* _WHAT YOU ARE ASKED TO DO_:
From the records below, please print only the lines from the one containing "Take a moment" through the one containing "Soldier 76 aiming at D.Va in Overwatch", both included. Skip the pictures.

* _EXCERPTED DATA_:
-.-.-

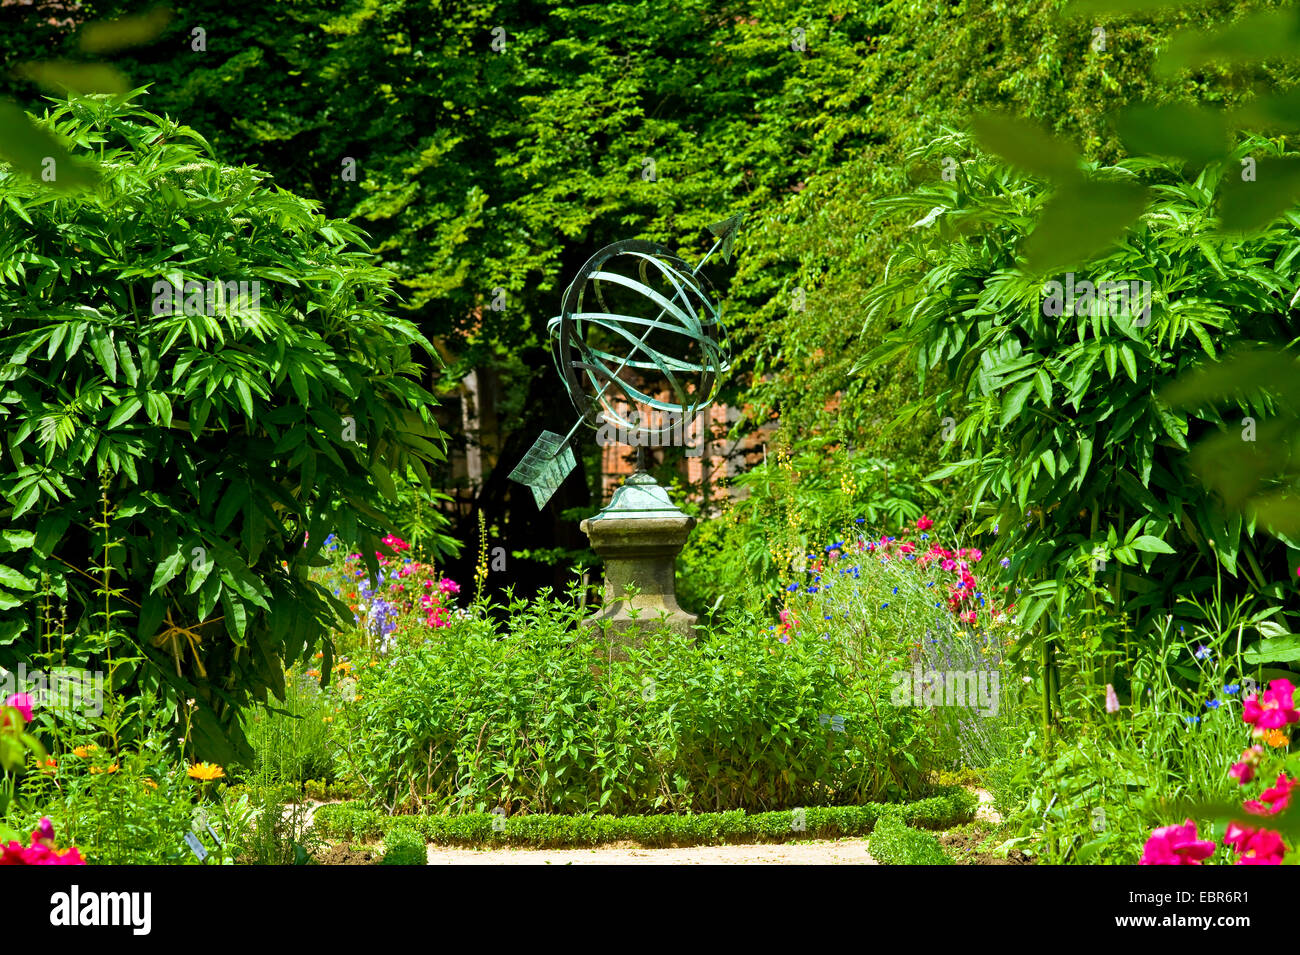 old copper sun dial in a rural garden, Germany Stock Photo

-.-.-

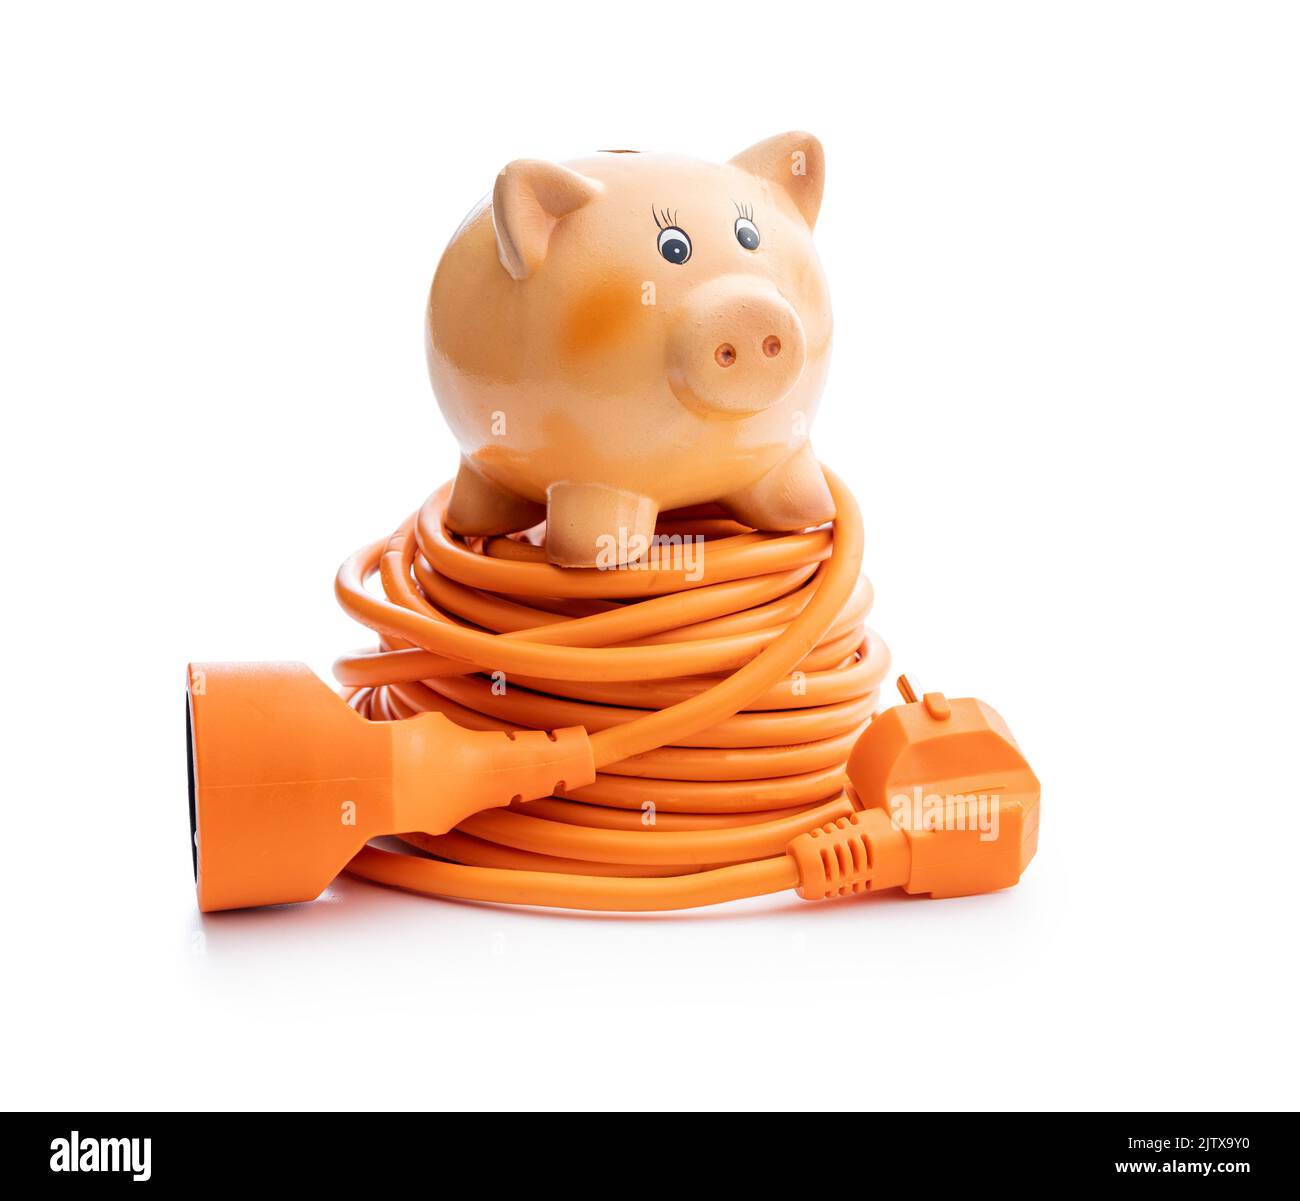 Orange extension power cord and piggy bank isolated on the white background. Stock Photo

-.-.-

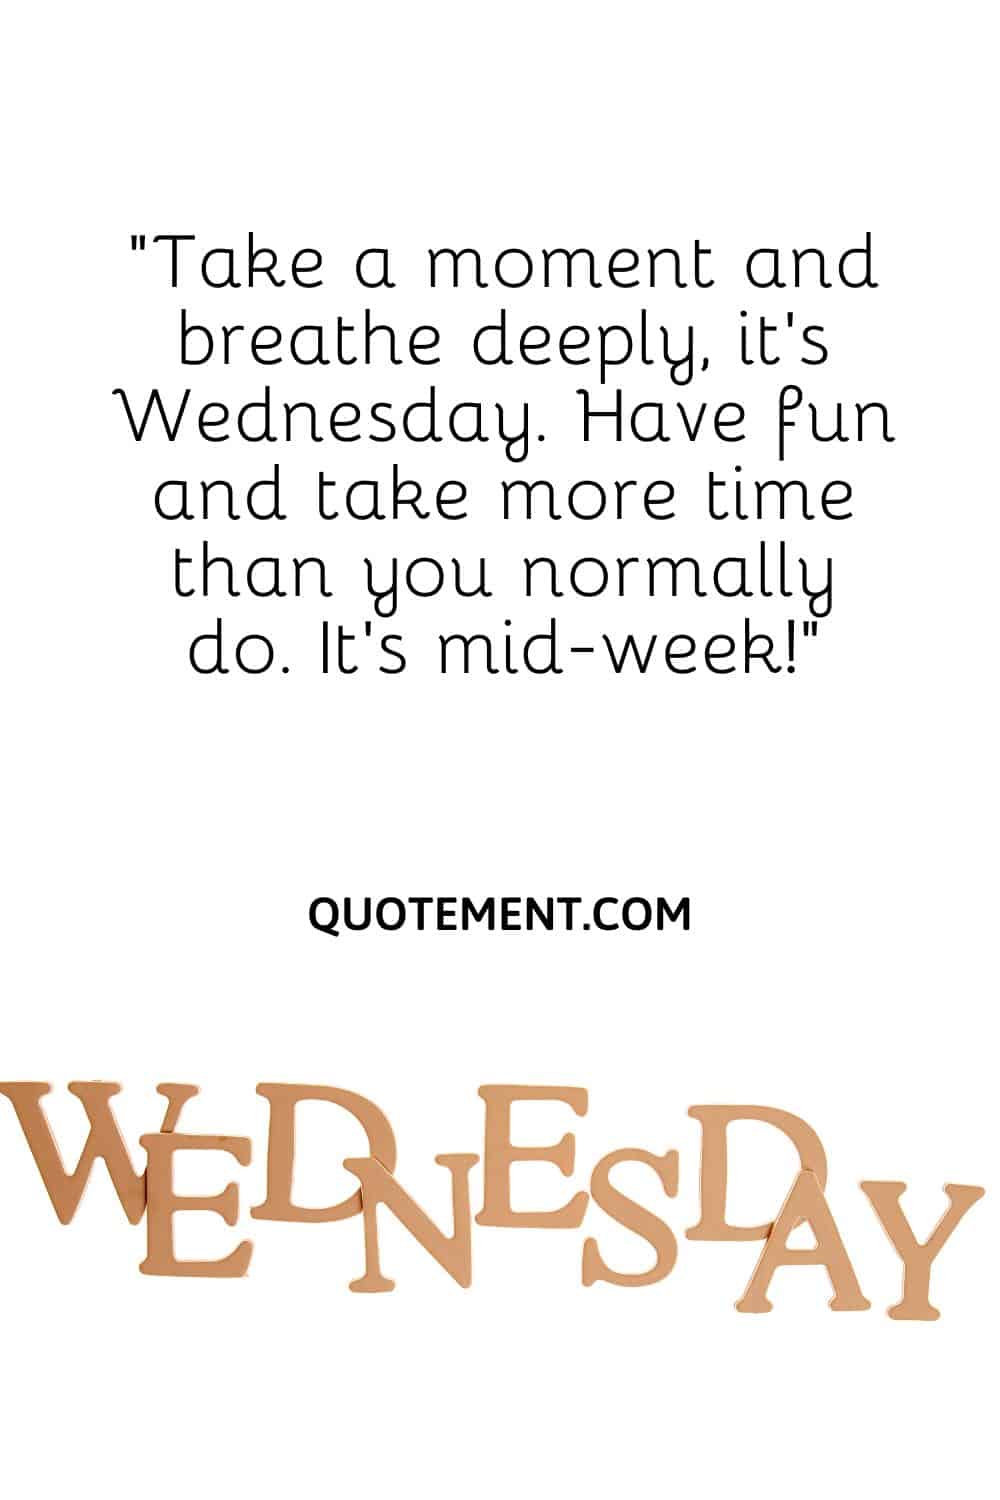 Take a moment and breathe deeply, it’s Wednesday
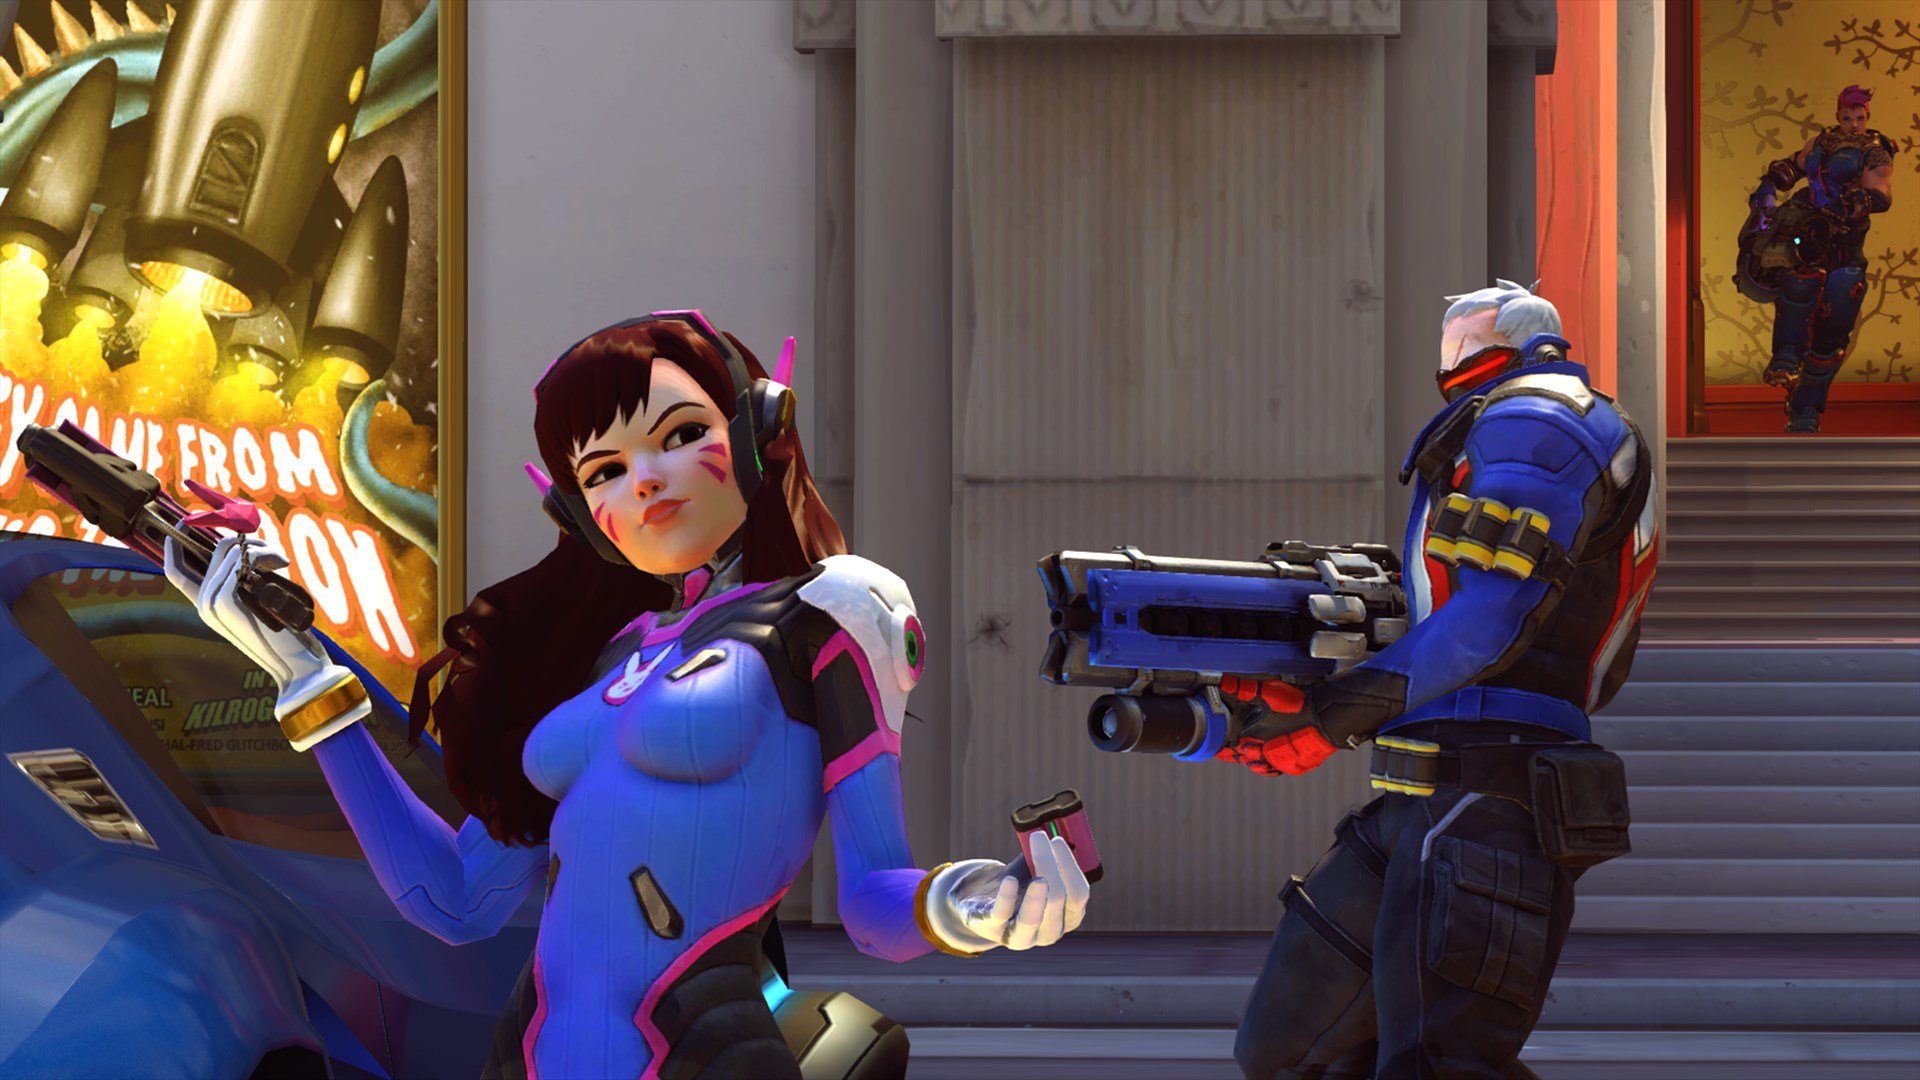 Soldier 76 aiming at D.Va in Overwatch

-.-.-

* _OUTPUT BELOW_:
 Take a moment and breathe deeply, it’s Wednesday
 Soldier 76 aiming at D.Va in Overwatch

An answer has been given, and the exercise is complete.